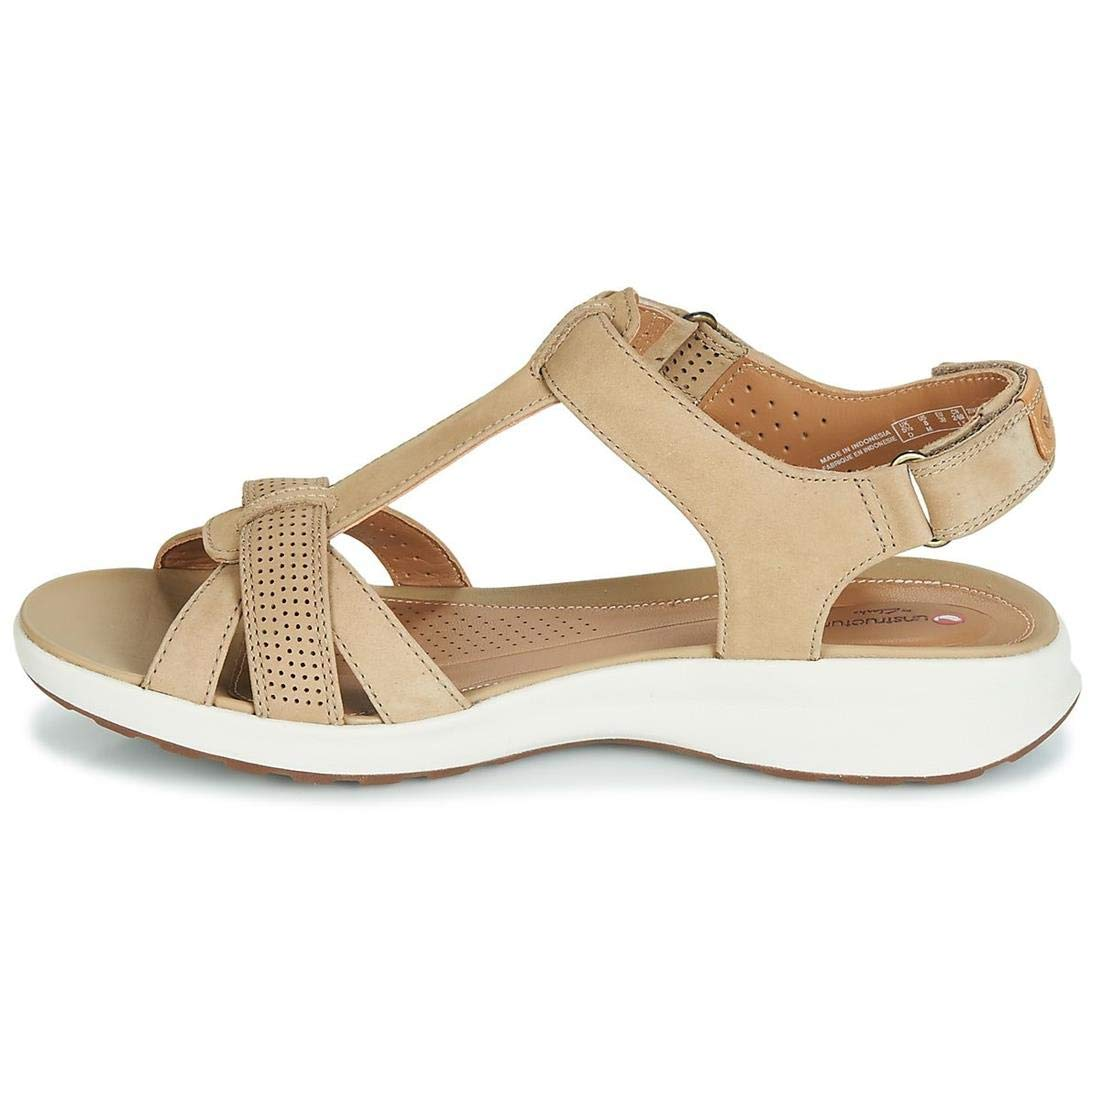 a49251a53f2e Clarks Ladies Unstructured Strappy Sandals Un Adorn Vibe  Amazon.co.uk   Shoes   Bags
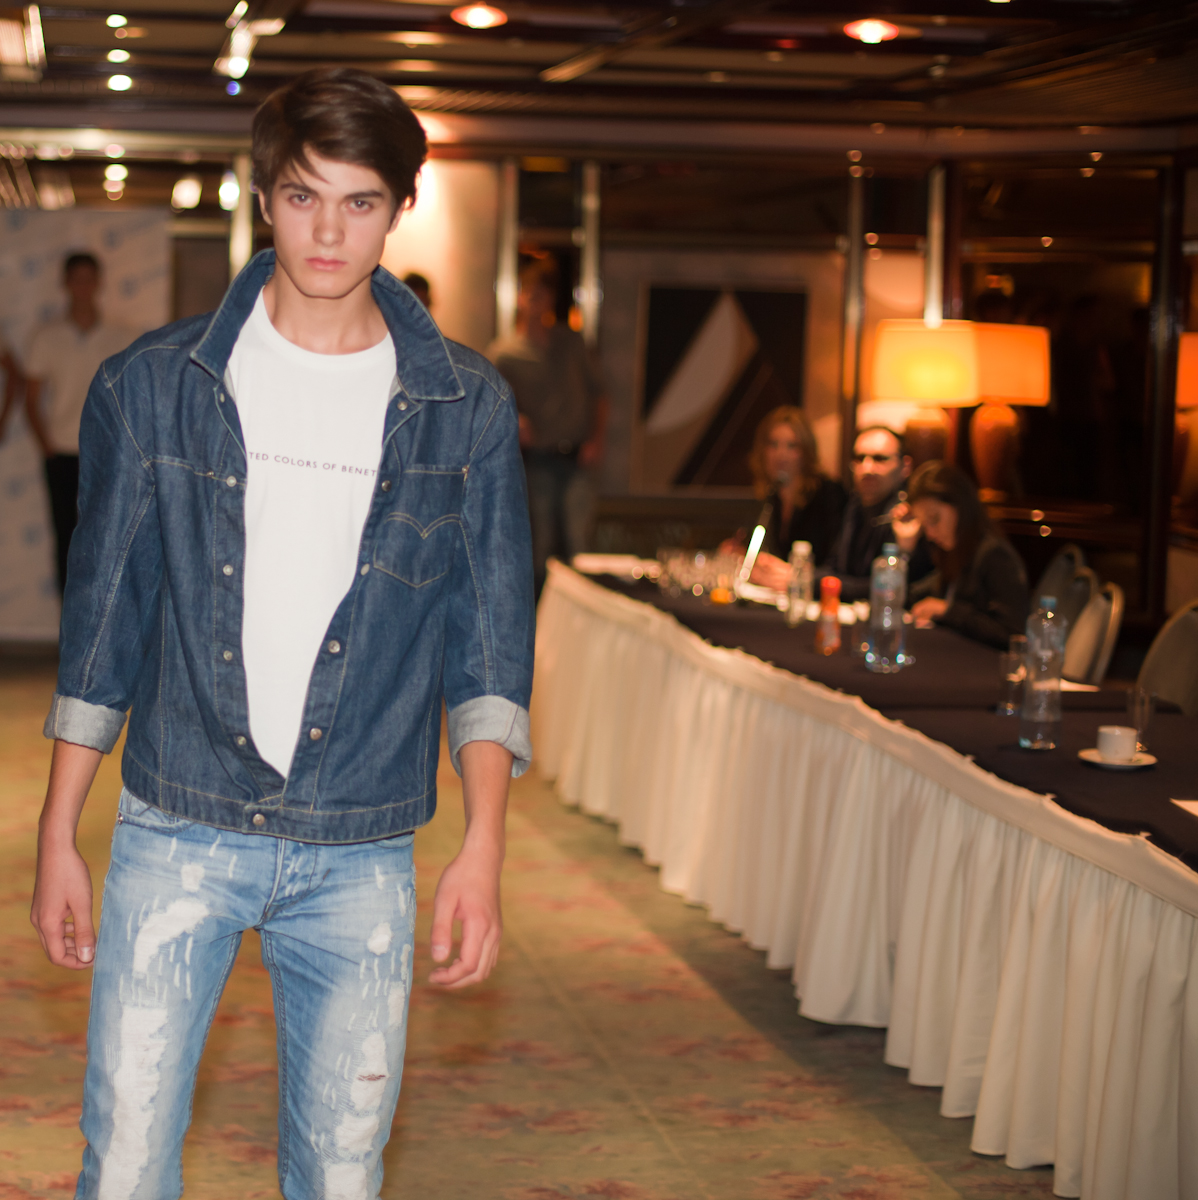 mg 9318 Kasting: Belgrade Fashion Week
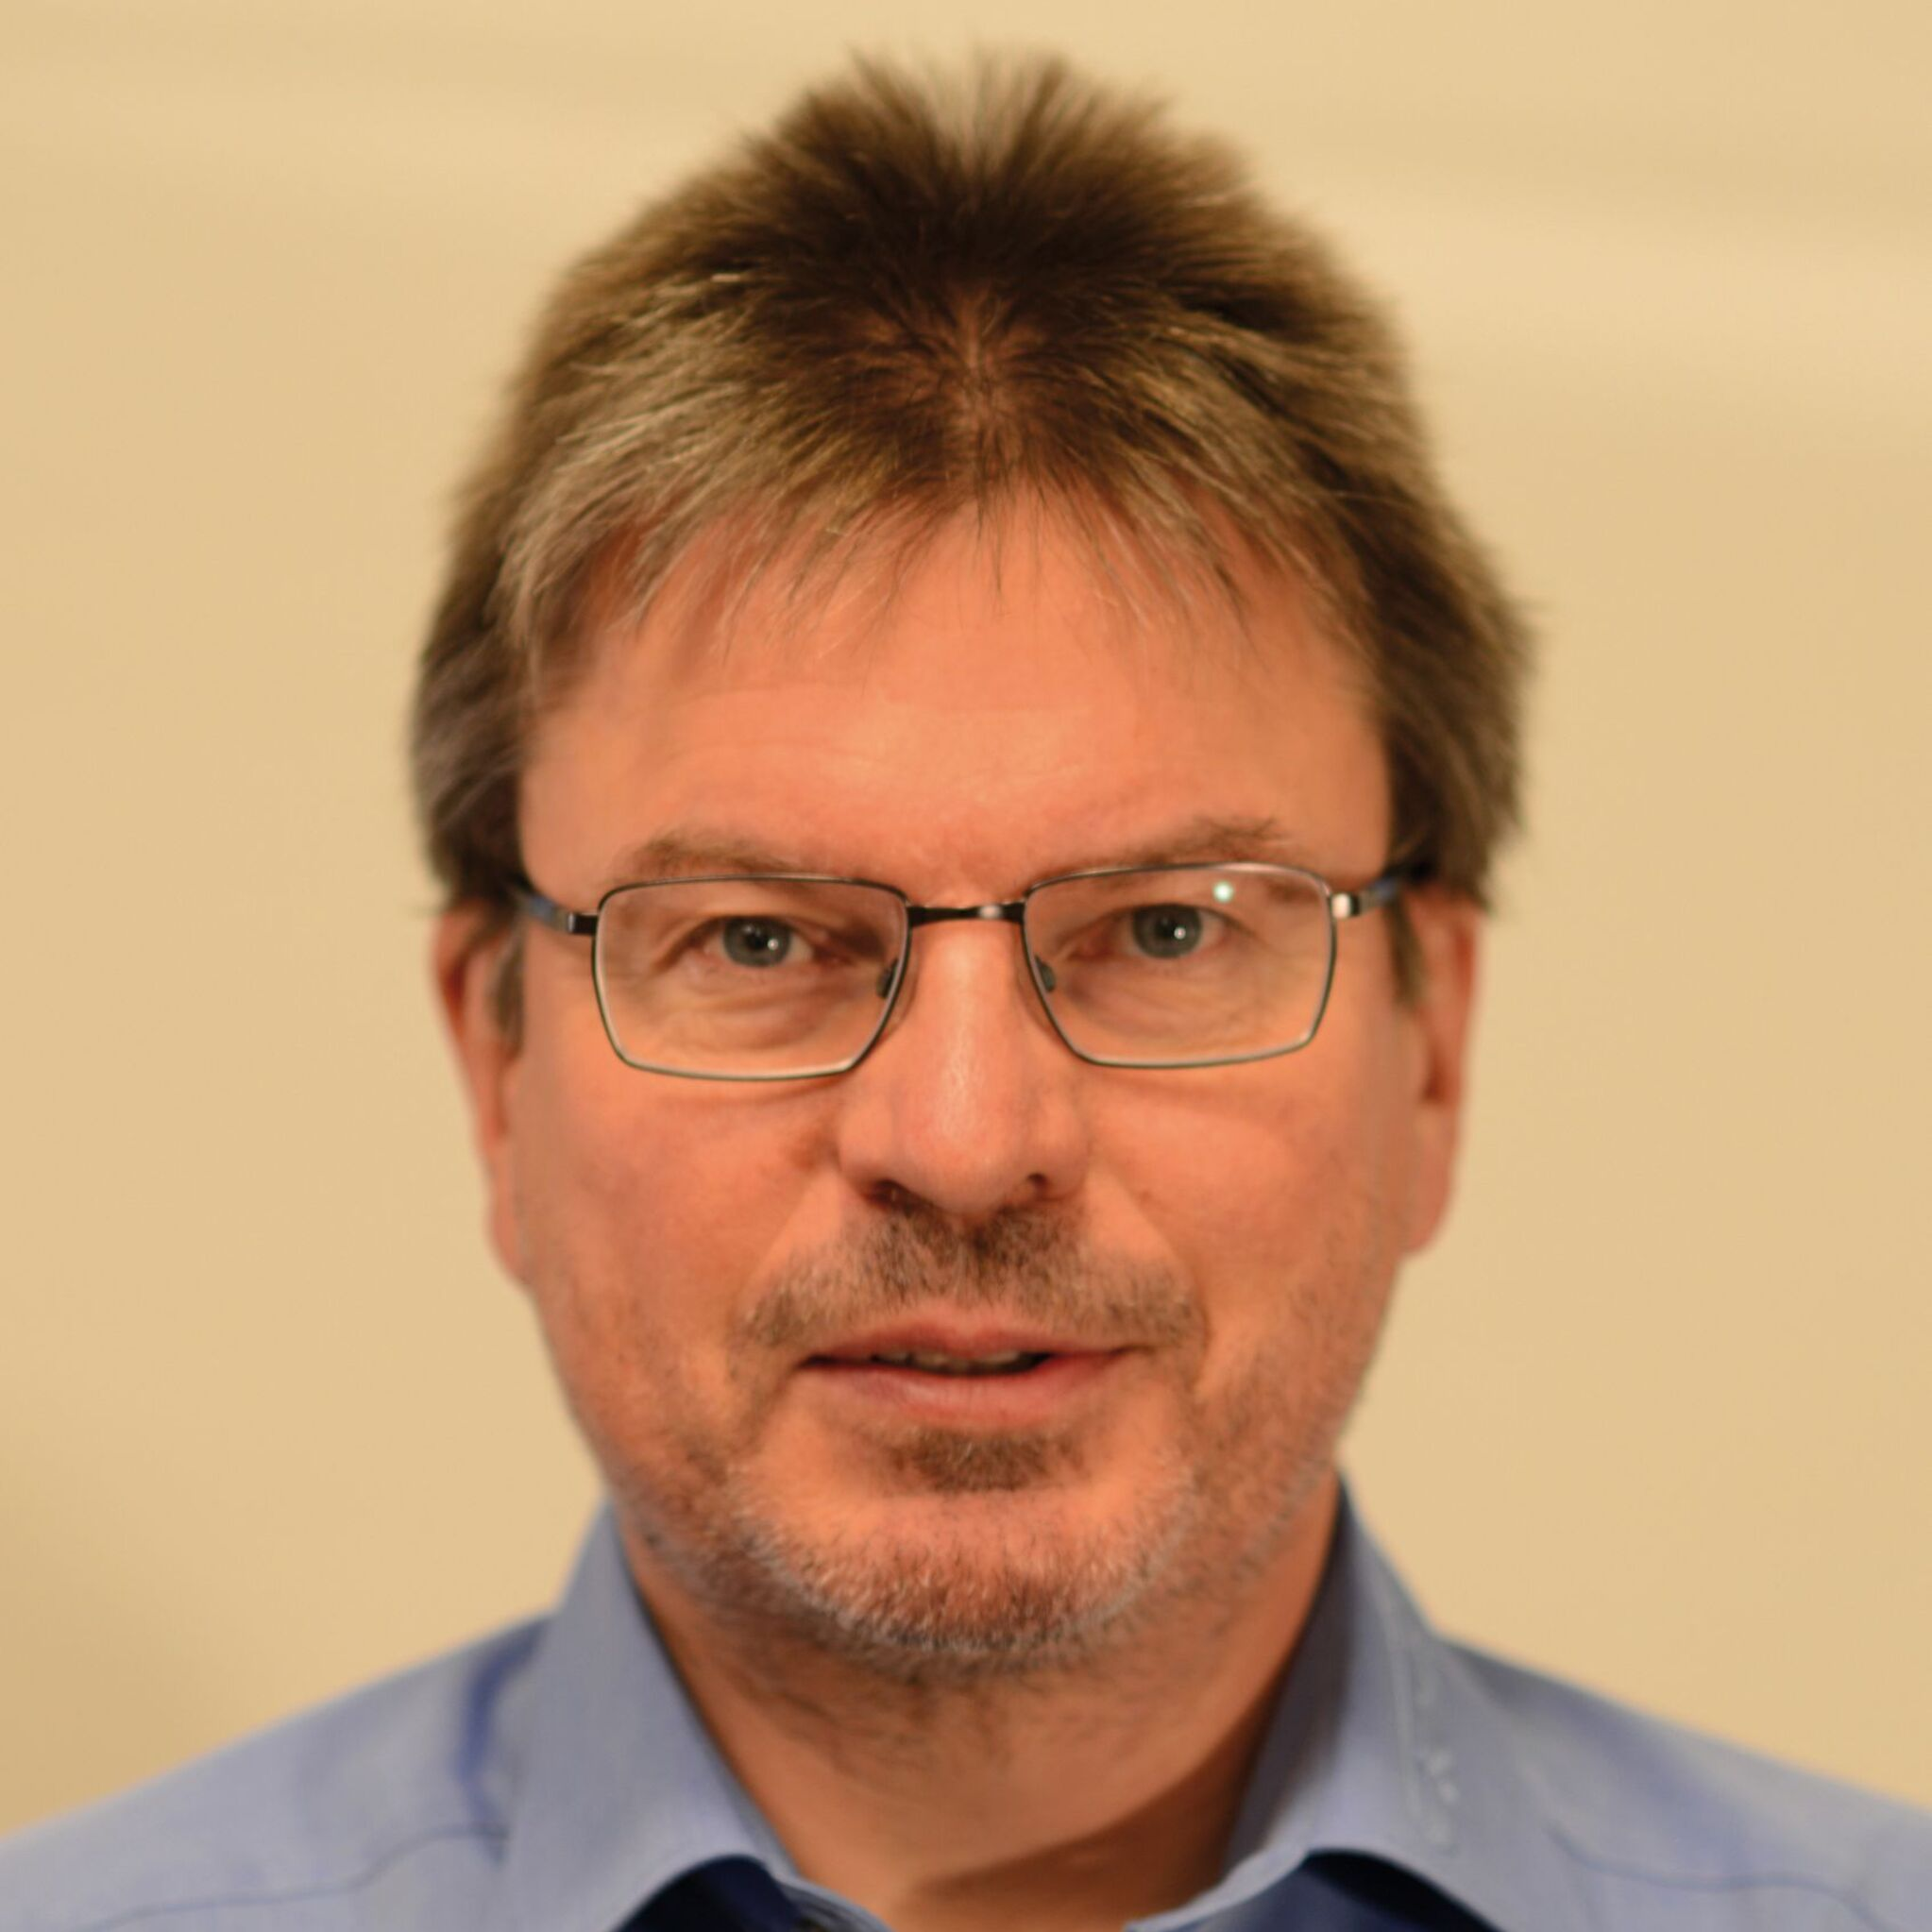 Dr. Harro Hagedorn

About this exercise | Please give all of the data again, exact and free of pictures.

Answer box |
 a49251a53f2e Clarks Ladies Unstructured Strappy Sandals Un Adorn Vibe  Amazon.co.uk   Shoes   Bags
 mg 9318 Kasting: Belgrade Fashion Week
 Dr. Harro Hagedorn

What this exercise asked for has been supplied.